In a Retrieval-Augmented Generation (RAG) app, your model answers with your content—safely and privately. This guide shows a compact stack you can run on a single machine, with options for cloud or fully local.

Architecture at a glance

1) Ingest

Load PDFs, docs, web pages, wikis. Clean text, detect language, strip boilerplate, and attach metadata (title, section, URL).

2) Chunk

Split into 300–1,000 token chunks with overlap (e.g., 10–20%). Keep headings + hierarchy for better citations.

3) Embed

Use an embedding model (small/fast or large/accurate). Store vectors + metadata in a DB.

4) Retrieve

Hybrid search (BM25 + vectors) → re-rank. Return top-k excerpts with scores.

5) Generate

LLM answers citing the retrieved snippets.
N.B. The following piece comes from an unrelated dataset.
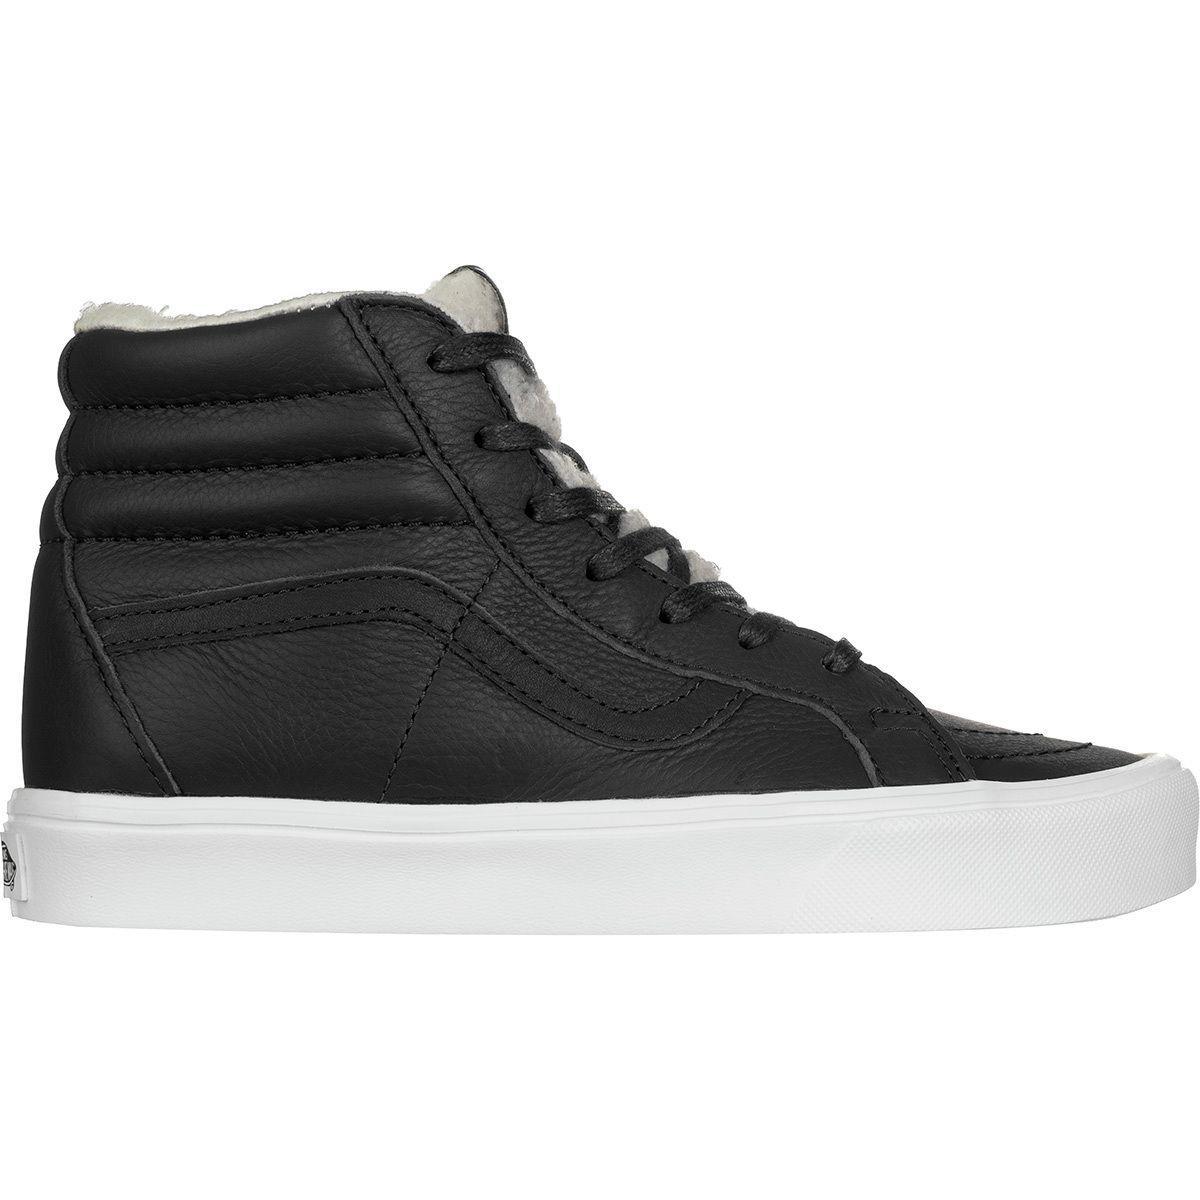 352ec08e2e Lyst - Vans Sk8-hi Reissue Lite in Black for Men

Enforce formatting and refusal rules.

6) Observe

Log queries, latency, selected chunks, and user ratings for continuous improvement.

Models: local vs hosted

Option	Pros	Cons	Use when…
Hosted LLM + hosted embeddings	Best quality, less ops	Data residency, cost, rate limits	You need accuracy fast, non-sensitive docs
Hosted LLM + local embeddings	Lower PII exposure; cheaper retrieval	Still sends prompts/contexts out	Privacy-aware, moderate infra
Fully local (LLM + embeddings)	Max privacy; offline	Setup + weaker models on CPU	Highly sensitive data, air-gapped envs

Starter pick: local vector DB + hosted LLM. You keep your document store private, and you can swap models later.

Ingest & chunking

File handling

Convert PDFs to text with layout awareness.
Strip headers/footers and tables of contents.
Preserve headings (H2/H3) in metadata.

PII hygiene

Optionally redact emails/IDs at ingest.
Keep raw copies encrypted; log access.

Chunk sizes

300–600 tokens: crisp answers, more calls.
800–1,000 tokens: fewer calls, risk of drift.

Embeddings & vector store

Pick an embedding model that balances speed and domain accuracy. Dimensions typically 384–1,536. Normalize vectors; store title/section/source in metadata.

Vector DB options

SQLite + FAISS (simple, local)
Chroma/Weaviate (dev-friendly)
pgvector/Postgres (SQL + vectors)

Indexing tips

Rebuild after big ingest; compact indexes.
Store BM25 side-by-side for hybrid search.

Schema

{ id, text, vector, title, section, url, tags, ts }

// Pseudocode: ingest → embed → store (Python-like)
docs = load_files("docs/")
chunks = chunk(docs, size=800, overlap=120)
vectors = embed(chunks.map(c => c.text))
db.upsert([{id, vector, text, meta} for each chunk])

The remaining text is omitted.